### YOUR GOAL
Reproduce exactly the lines below, starting at the line that contains "Francia apuesta por" and ending with the last line of the records, both included; leave out any pictures.

### INPUT MATERIAL
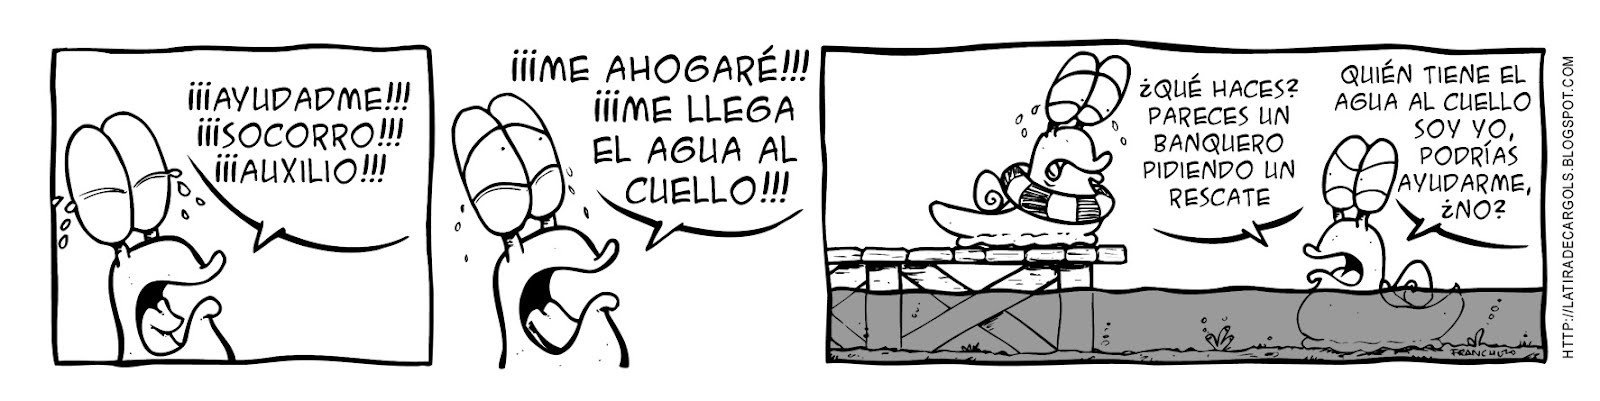 Tira comica 127 del webcomic Cargols del dibujante Franchu de Barcelona
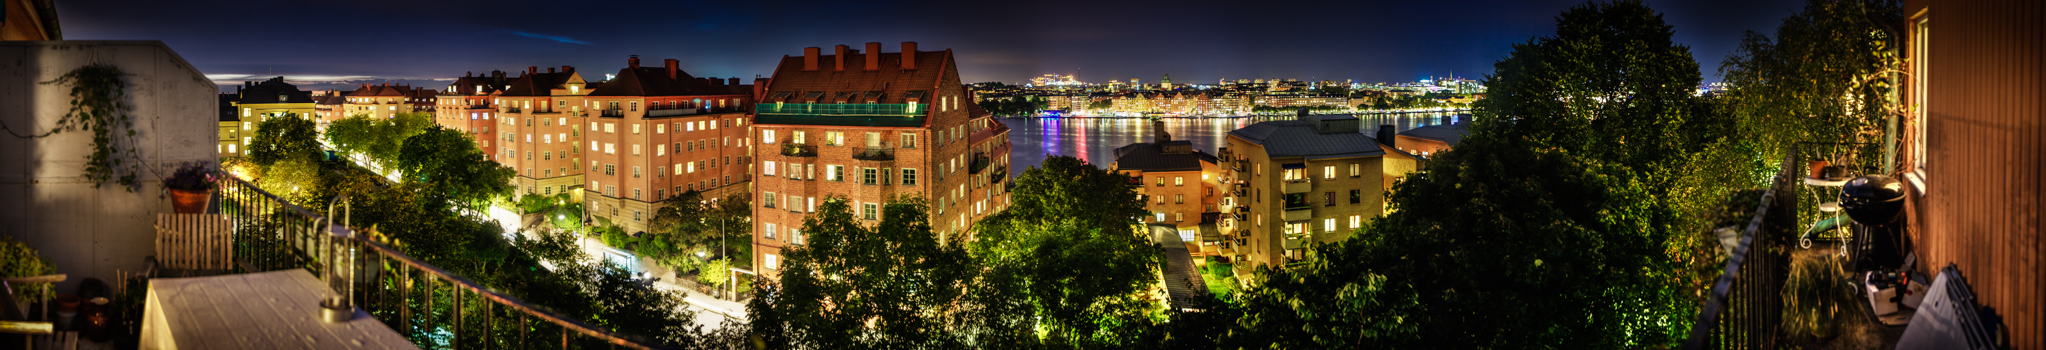 Stockholm_by_night_2K
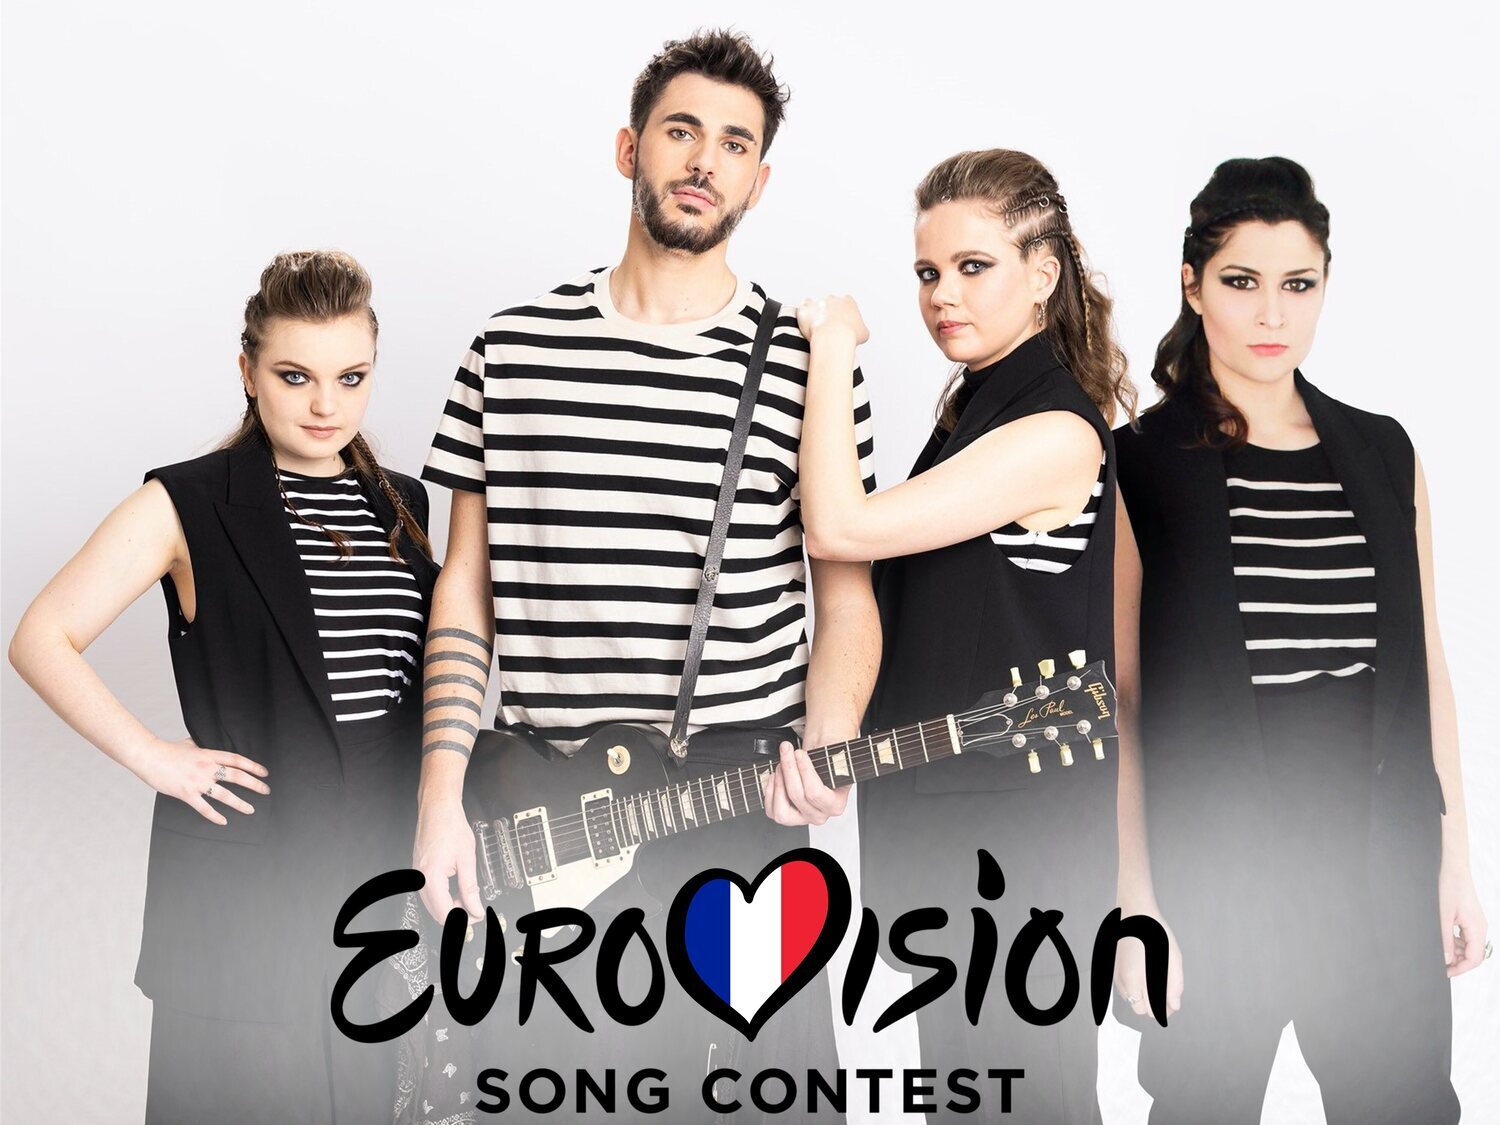 Francia apuesta por el bretón para Eurovisión 2022 con 'Fulenn' de Alvan & Ahez
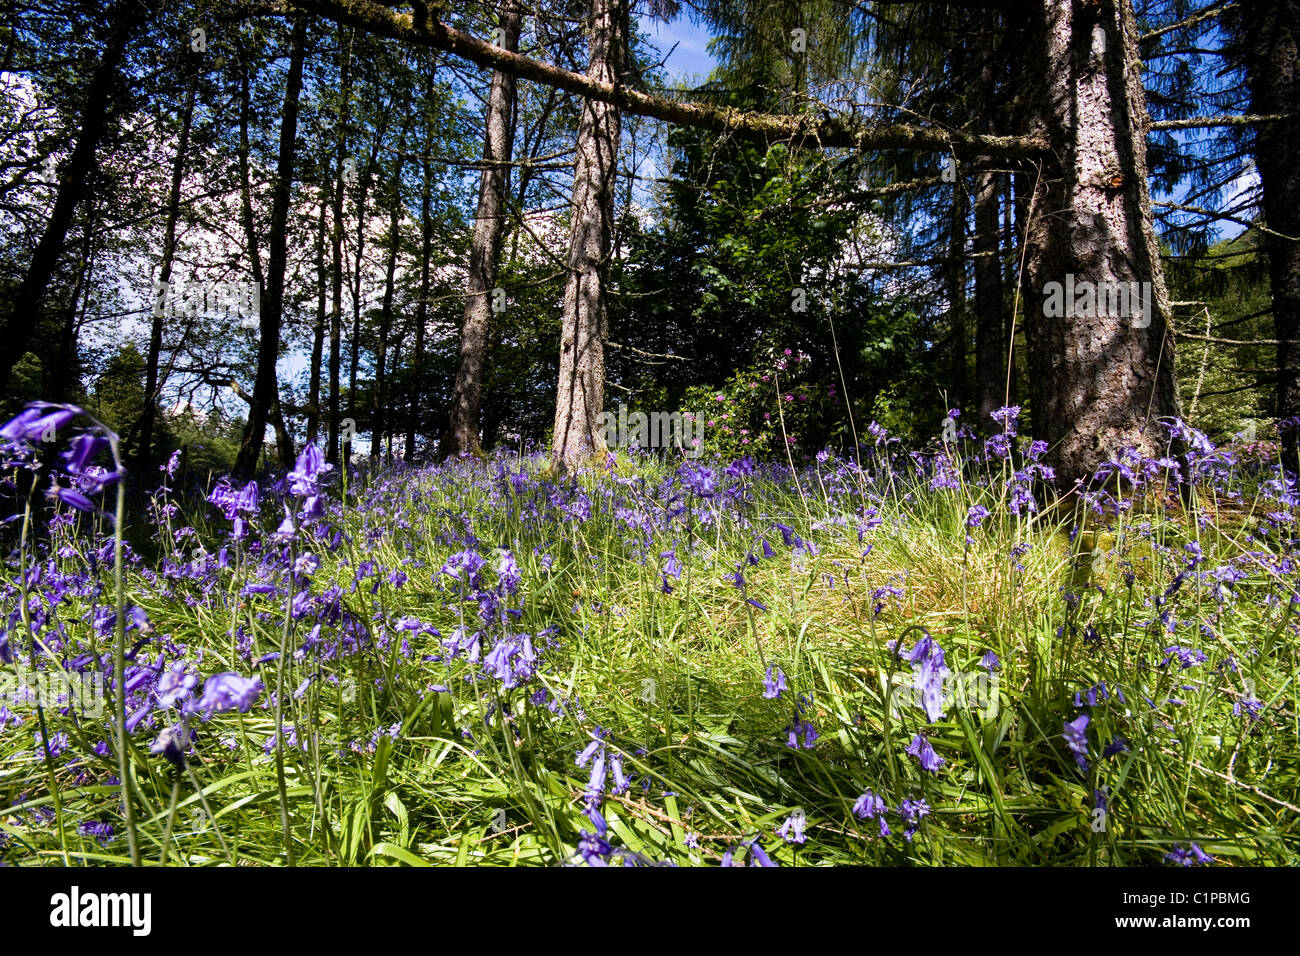 Escocia, Argyll, Inveraray, violeta, flores silvestres que crecen en bosque Foto de stock
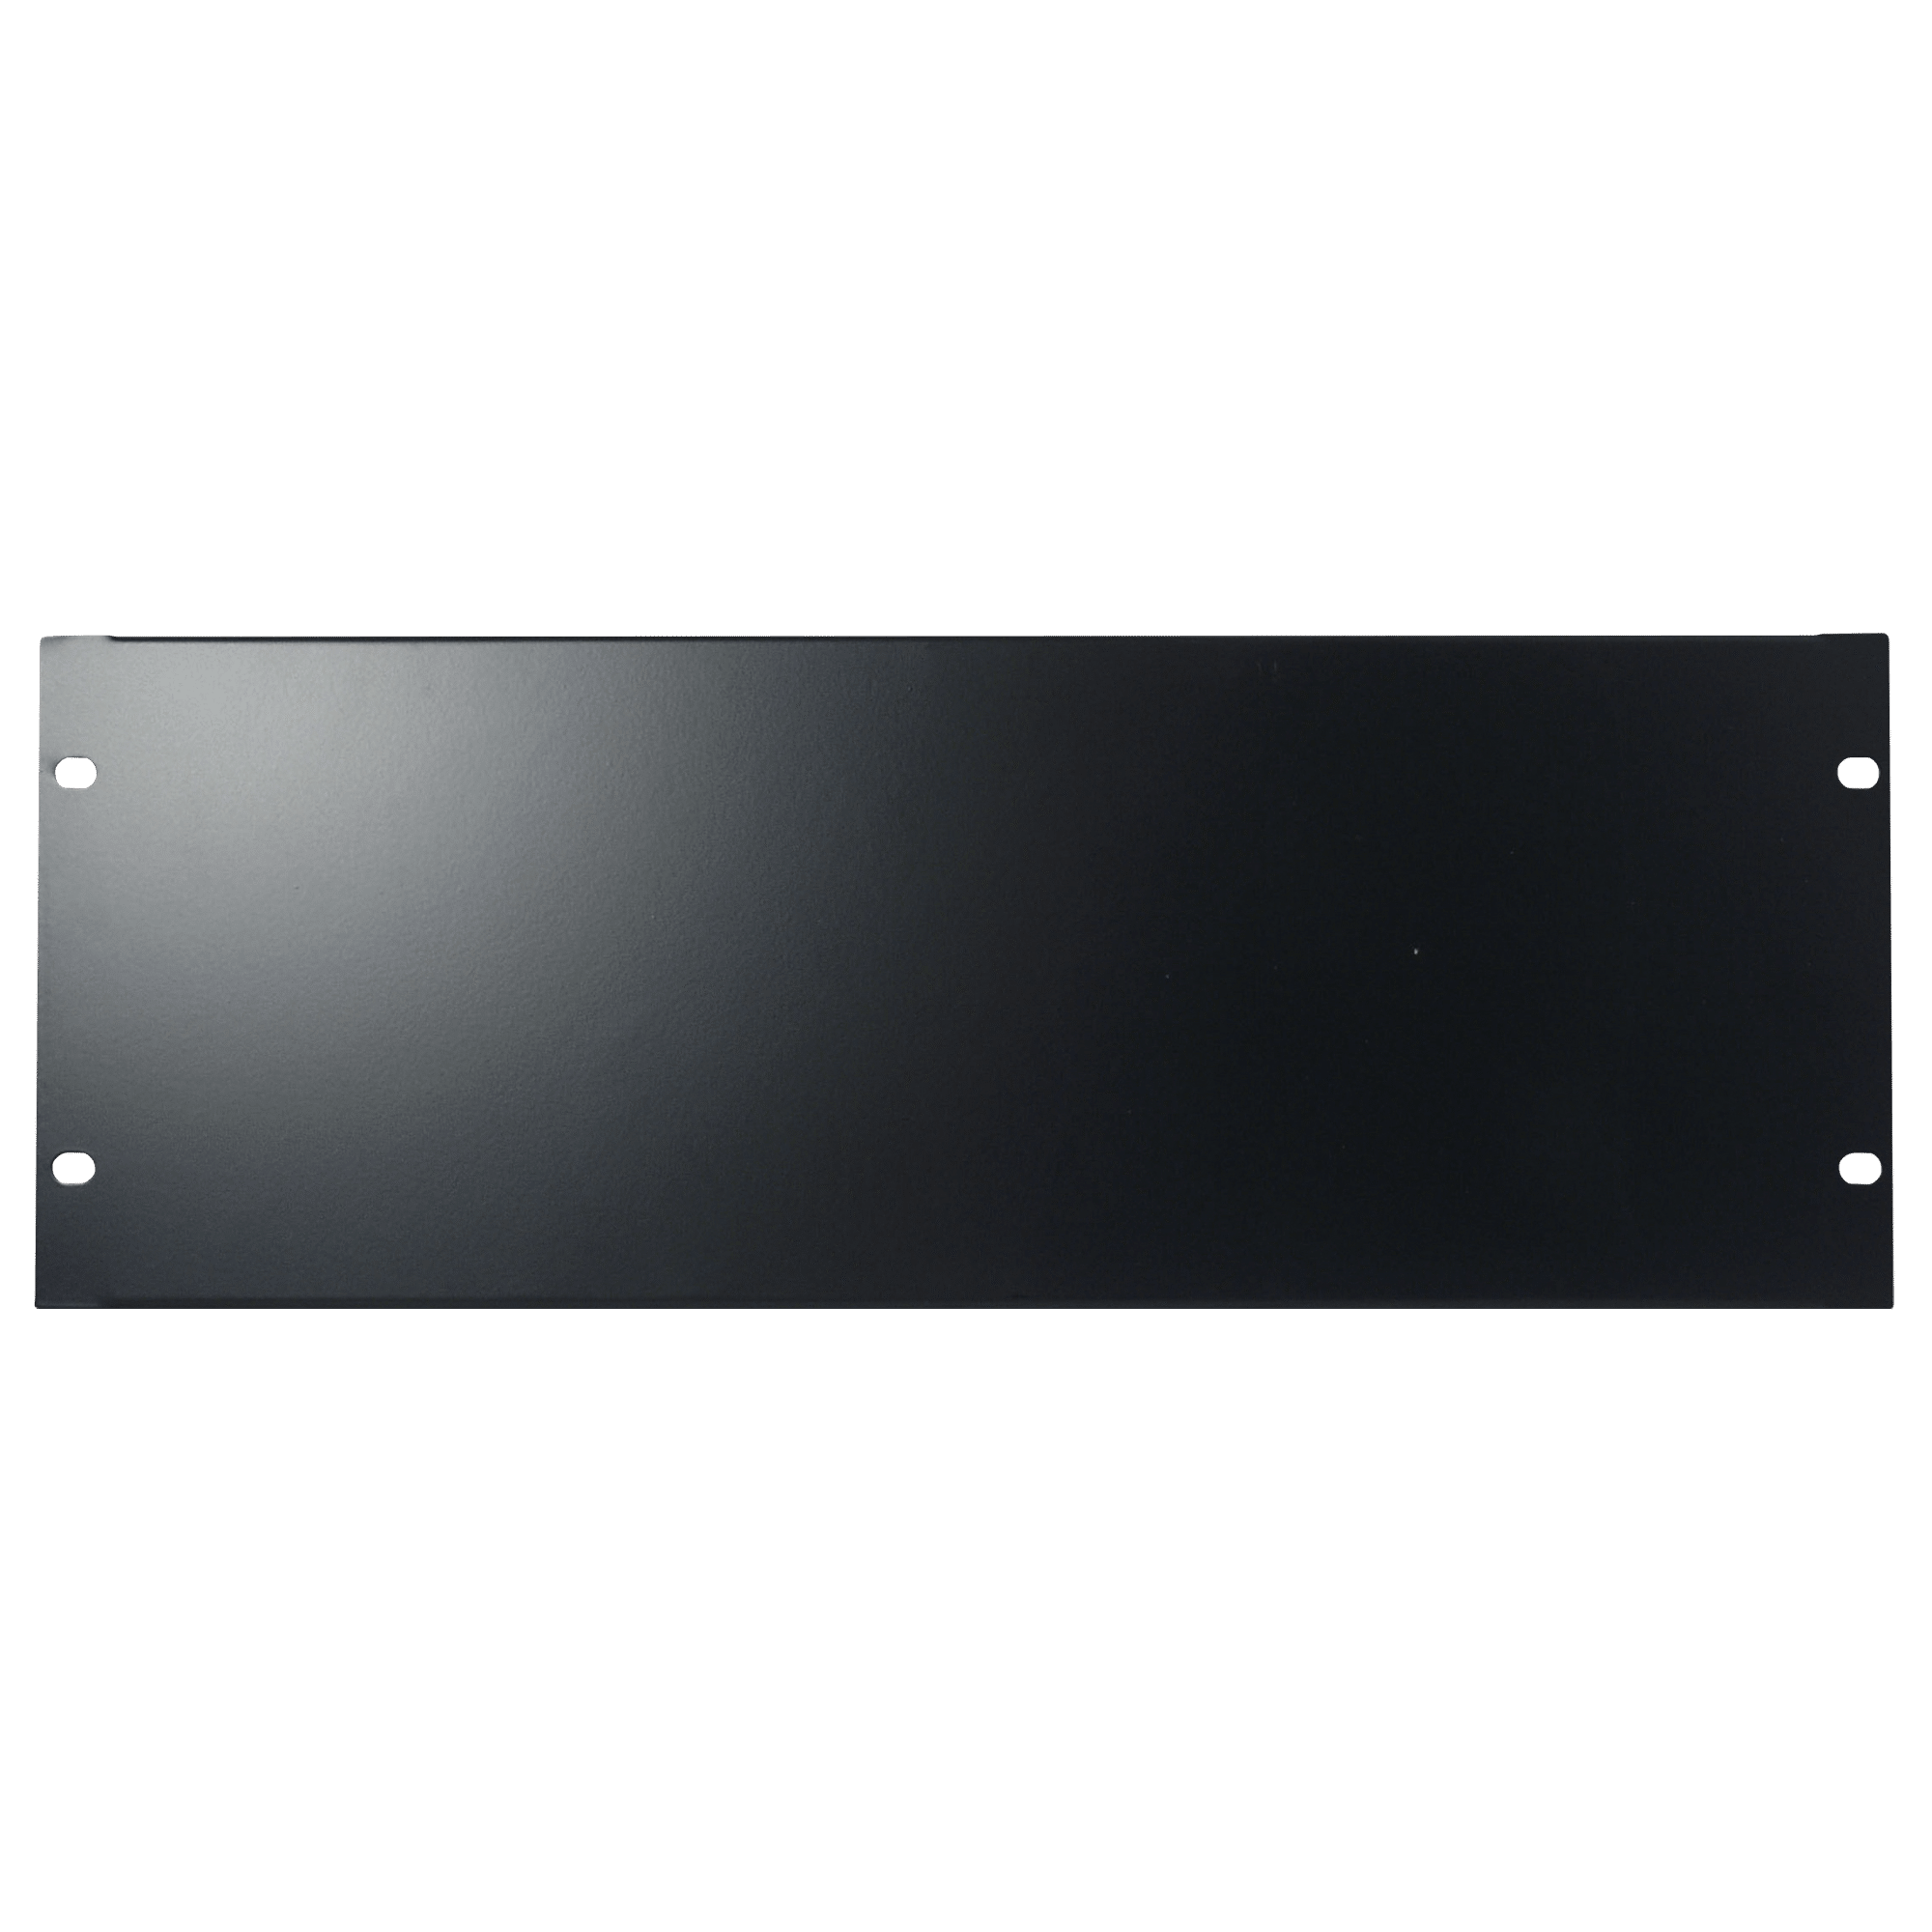 19 inch Blind Panel Black - Onlinediscowinkel.nl

### SOLVED EXERCISE
 Francia apuesta por el bretón para Eurovisión 2022 con 'Fulenn' de Alvan & Ahez
 Escocia, Argyll, Inveraray, violeta, flores silvestres que crecen en bosque Foto de stock
 19 inch Blind Panel Black - Onlinediscowinkel.nl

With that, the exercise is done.